I'm self-learning Real Analysis using Real Analysis of Folland, and I got stuck on this problem.
Let $(X, \mathcal{M}, \mu)$ be a measure space with $\mu(X) < \infty$, and let $(X, \overline{\mathcal{M}}, \overline{\mu})$ be its completion. Suppose $f: X \rightarrow \mathbb{R}$ is bounded. Prove that $f$ is $\overline{\mathcal{M}}$-measurable iff there exist sequences $\{\phi_n\}$ and $\{\omega_n\}$ of $\mathcal{M}$-measurable simple functions such that $\phi_n\ \le f \le \omega_n$ and $\int(\omega_n - \phi_n)d \mu < n^{-1}$. In this case, $\lim{\int \phi_n d\mu} = \lim{\int \omega_n d\mu} = \int{fd\overline{\mu}}$
I thought about those functions which uses in Rienmann integral, but this problem only relates to Lebesgue integral, so I don't think they can help. Can anyone help me or give me some clue so I can solve this problem? Thanks so much your help. I really appreciate.

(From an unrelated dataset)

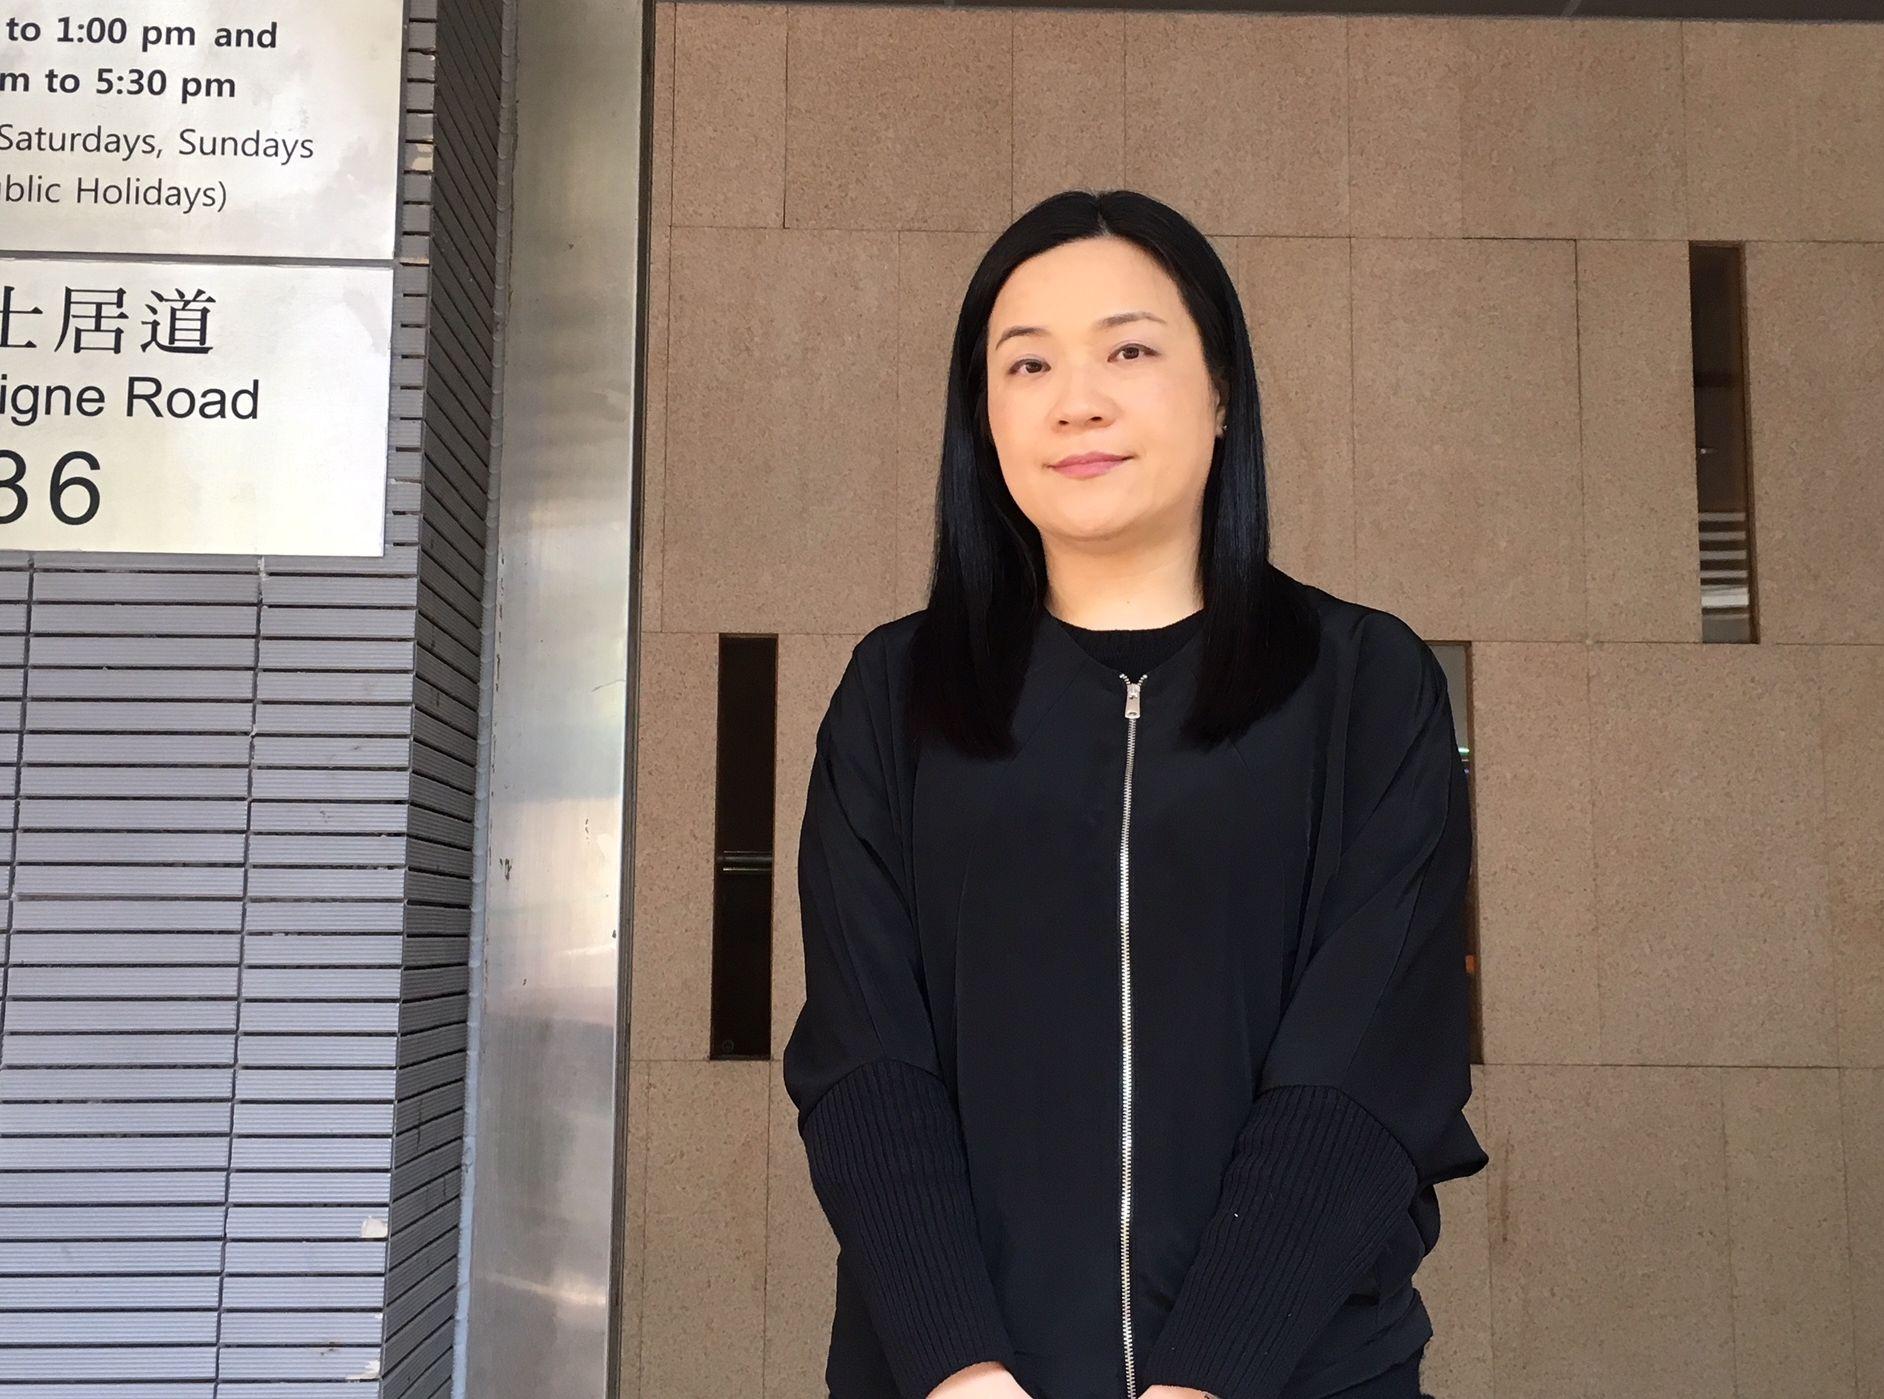 【港航危机】吴敏儿斥政府沒汲取甘泉倒闭教训 未设预防措施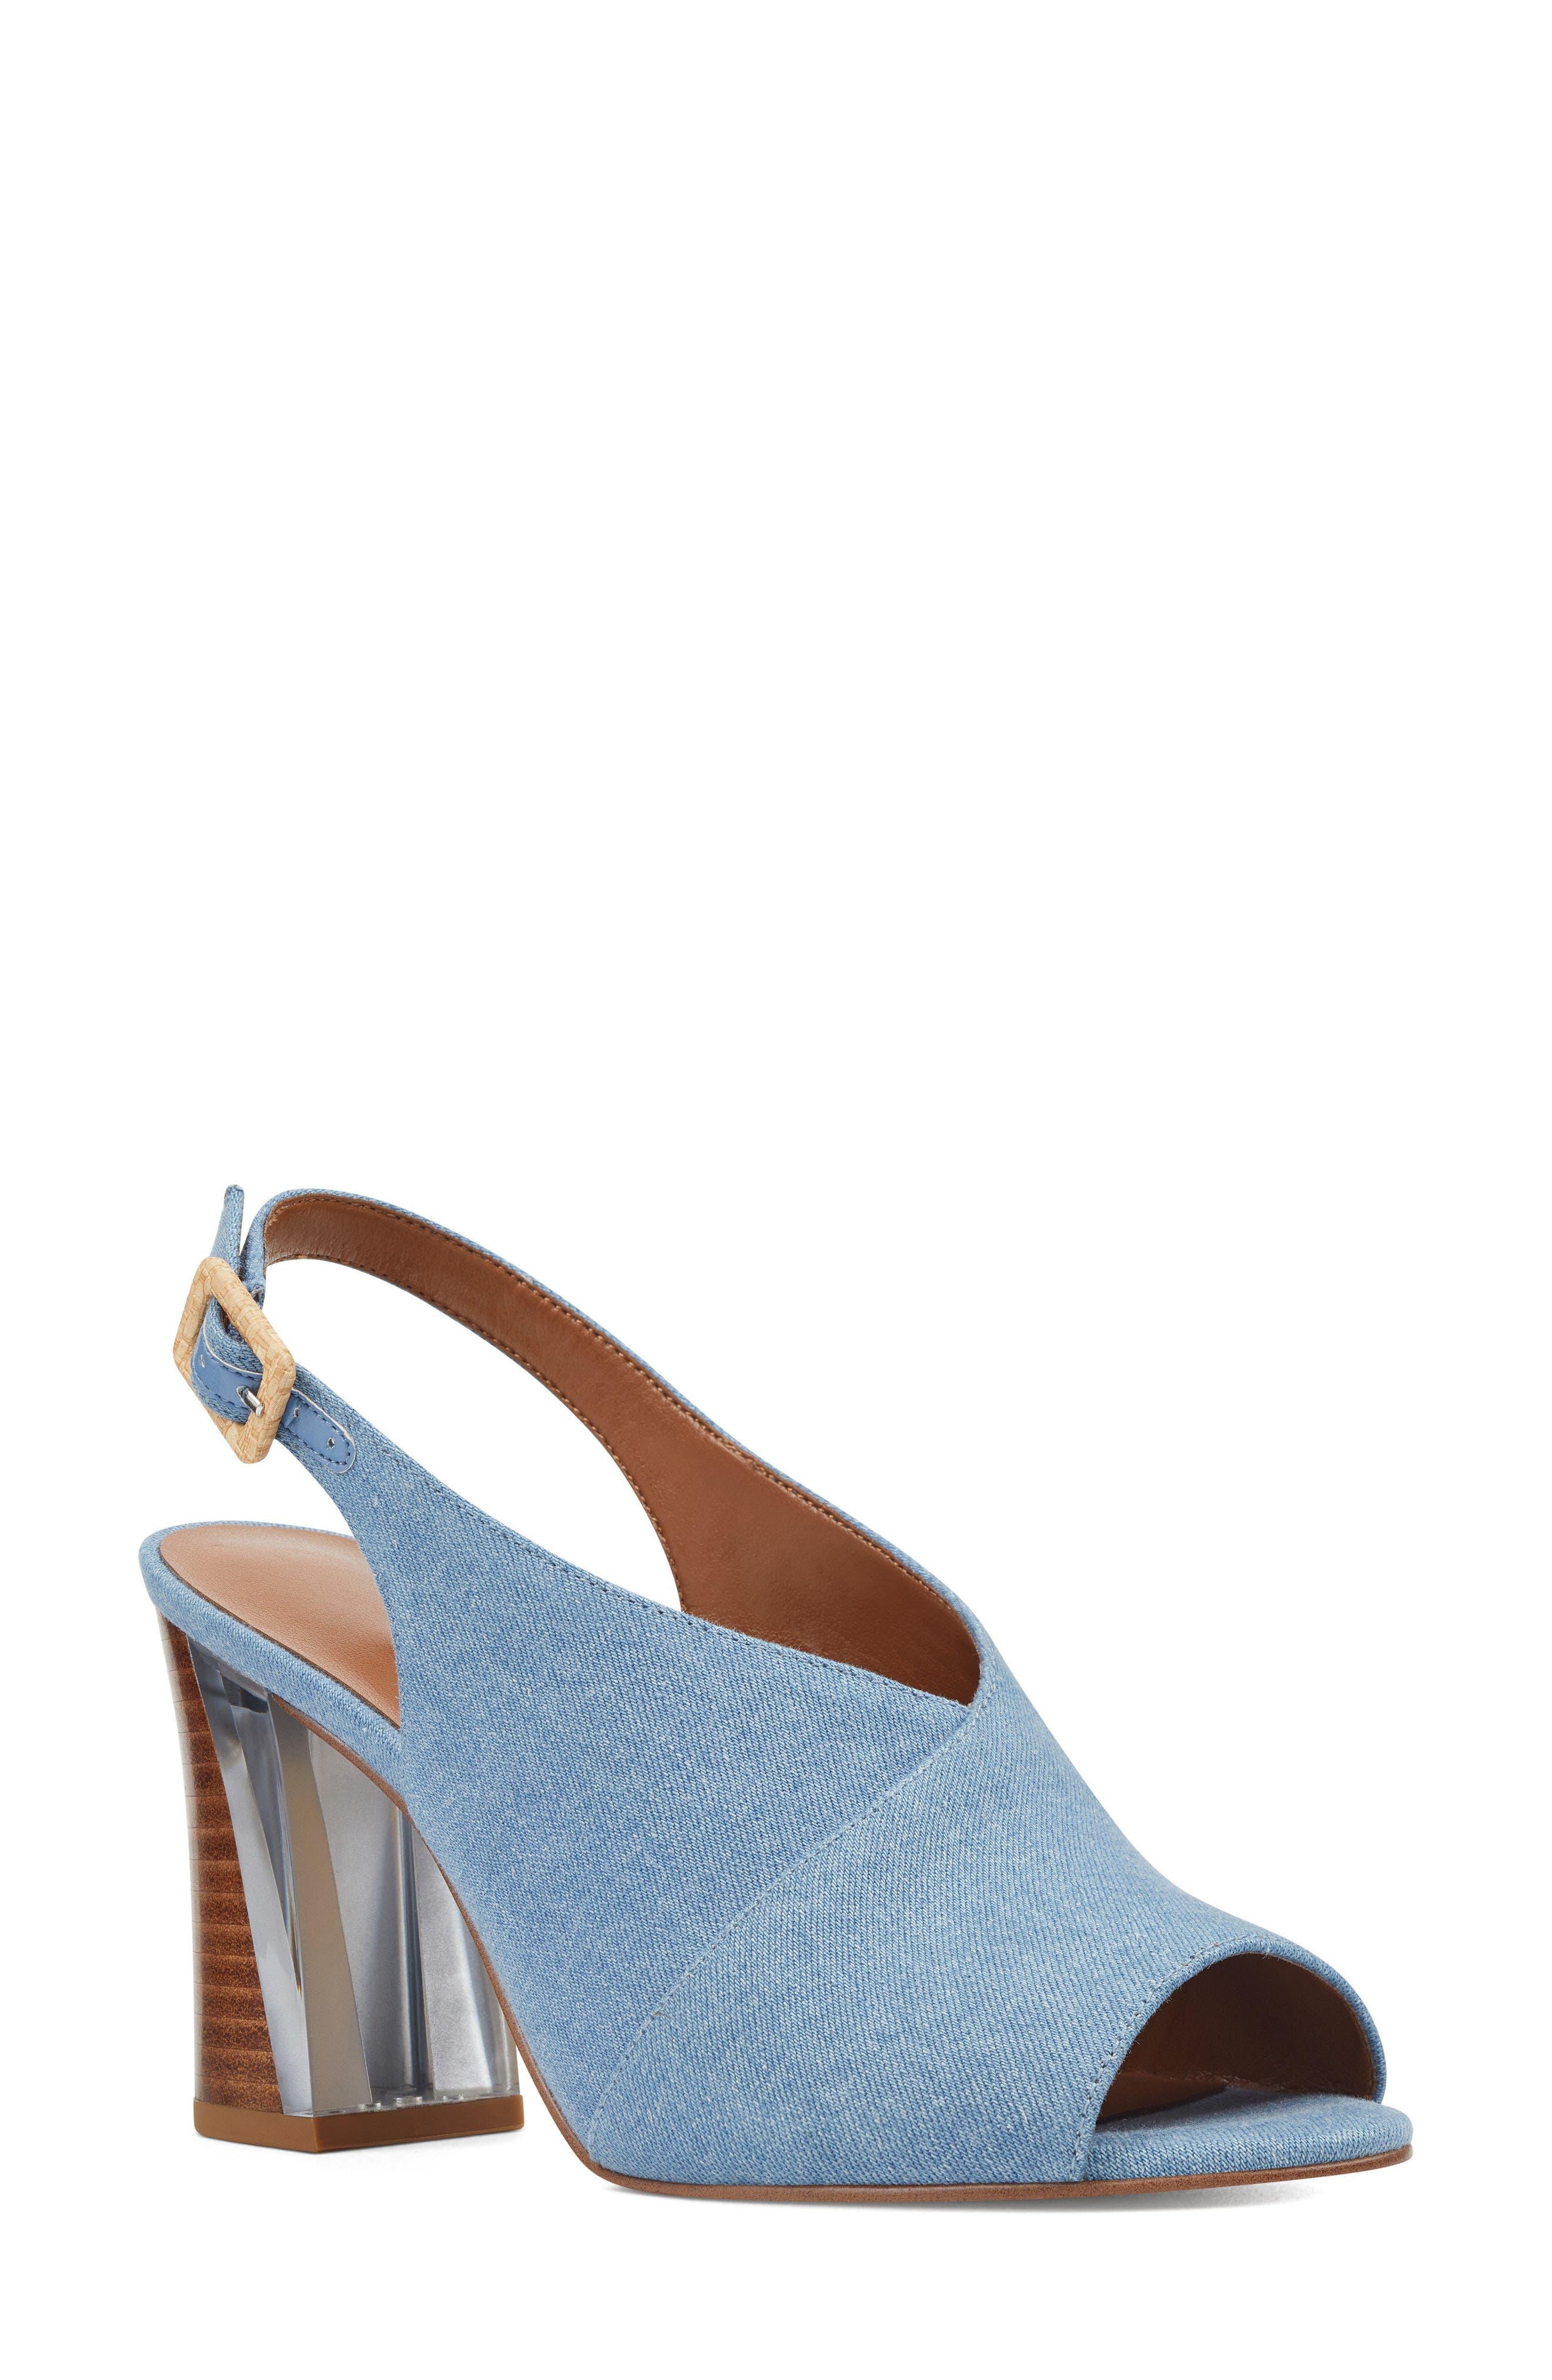 Morenzo Slingback Sandal,                             Main thumbnail 1, color,                             Light Blue Fabric

Here's a proof of the converse without assuming that $\phi_n, \psi_n$ are simple.
Let $\phi_n, \psi_n$ be $\mathcal{M}$-measurable functions such that $\phi_n \leq f \leq \psi_n$ and $0 \leq \int \psi_n - \phi_n \,d\mu < n^{-1}$.
Then $$\lim \int \psi_n - \phi_n \,d\mu = 0$$ By Fatou's lemma, $$0 \leq \int \liminf \, (\psi_n - \phi_n) \,d\mu \leq \lim \int \psi_n - \phi_n \,d\mu = 0 $$ which implies that $\liminf \, (\psi_n - \phi_n) = 0$ $\mu$-a.e.
For $\mu$-a.e., $$0 = \liminf \, (\psi_n - \phi_n) \geq \liminf \, \psi_n - \limsup \phi_n$$ From $\phi_n \leq f \leq \psi_n$, we get $$\limsup \, \phi_n \leq f \leq \liminf \, \psi_n \leq \limsup \, \phi_n$$ and so $f = \limsup \, \phi_n$ $\mu$-a.e.
Since $\limsup \, \phi_n$ is $\overline{\mathcal{M}}$-measurable and $f = \limsup \, \phi_n$ for $\overline{\mu}$-a.e., we conclude that $f$ is also $\overline{\mathcal{M}}$-measurable.